Eyefluence, a company that has created a unique eye tracking system for use with today’s virtual reality/augmented reality headsets, emerged from stealth today with a $14 million Series B funding round.
“Eyefluence transforms intent into action through your eyes. We believe anything you can do with your finger on a smartphone, you should be able to do with your eyes on a head-mounted display — only faster,” Eyefluence CEO Jim Marggraff told TechCrunch.
While Eyefluence isn’t the first eye-controlled operating tool, it claims to be the first one to interpret intent with your eyes in real time. With eye controllers I’ve seen in the past, you need to stare to show intent, Eyefluence wanted to change this to a glance.
“Your eyes are an efficient bandwidth input channel. When you are using one of these forms of technology [such as virtual reality goggles], it starts with intent. You have intent and you want to realize that intent if you could use [your eyes] to make that happen,” Marggraff said.

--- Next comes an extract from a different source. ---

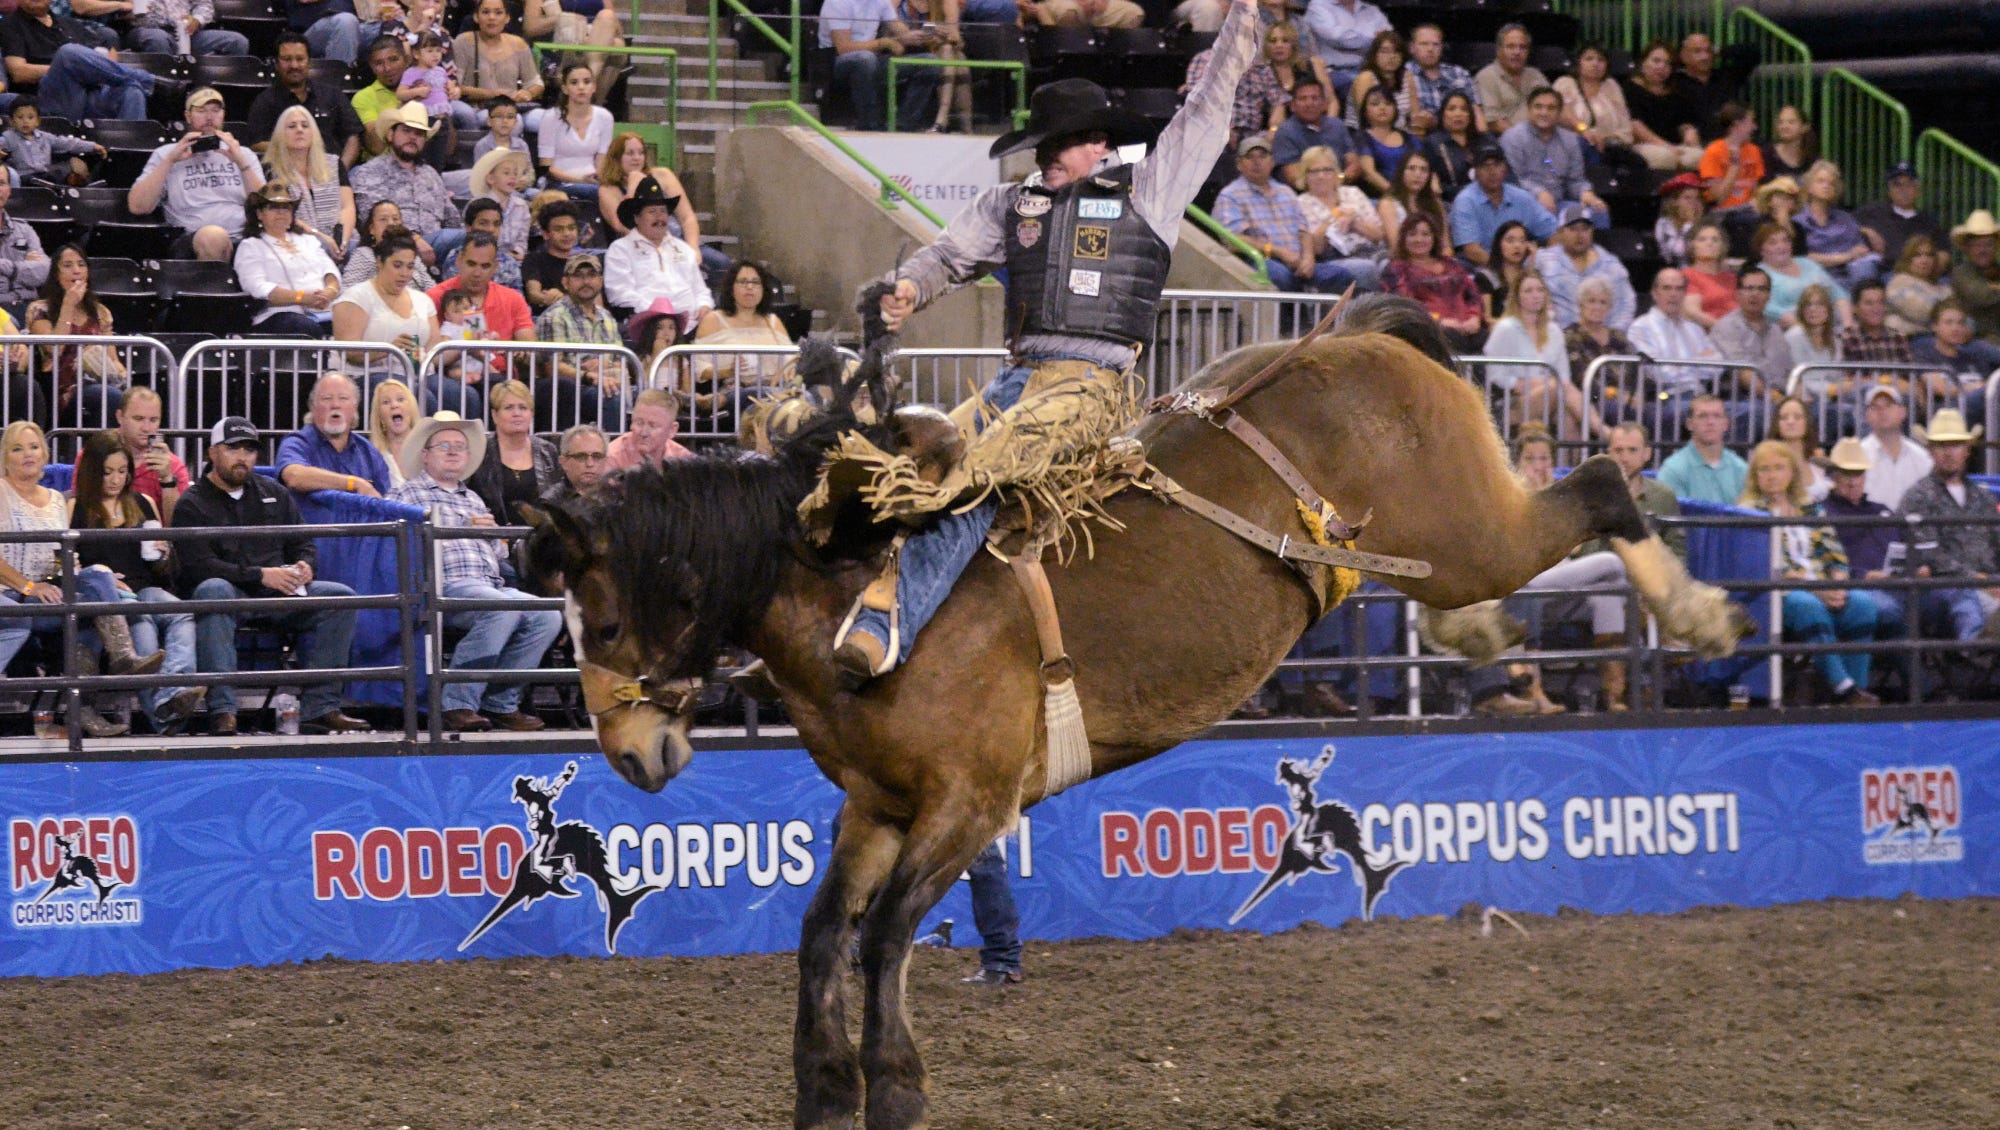 WorldChampion Bucking Horses Coming to Buc Days’ Rodeo Corpus Christi

As Marggraff puts it, the mouse was the first interaction tool after the keyboard and it changed the way we use software, then a touch interface came along with pinches, spreads and swipes. Now he wants his company to transform the eye-driven interface in the same way these other interaction methods changed how we interact with those devices.
He believes that the eye can be a unique interface, not one that simply moves the mouse or touch interface to the headset. He sees the need for an entirely new interaction model, and that is what his company has set out to do.
Apparently investors like what they see. They rewarded Eyefluence with a $14 million Series B round led by Motorola Solutions Inc. Jazz Venture Partners, NHN Ventures and Dolby Family Ventures, as well as other unnamed strategic and private investors also participated.
The company had a Series A round a year ago for $7.6 million led by Intel Capital bringing the total to 21.6 million raised.
Eyefluence is trying to partner with as many of the headset makers as possible with the goal of eventually being the standard user interface for headset hardware. Motorola wants to use Eyefluence technology in its Connected First Responder of the Future project. The company envisions police and public safety officials wearing a headset and gathering information with their eyes, while leaving their hands free.
As for competitors, he says he has not seen anyone close doing what he’s doing. It’s worth noting that Tobii has been doing eye tracking for some time, but it appears to be more using the eyes to replace the mouse, something Marggraff made clear he wanted to avoid.
Eyefluence didn’t have a demo ready yet at our meeting, but hopes to have one ready early next year. The company was founded by Marggraff and David Stiehr after they purchased the eye tracking intellectual property in 2013 from a company that had begun developing the technology, but was unable to commercialize it.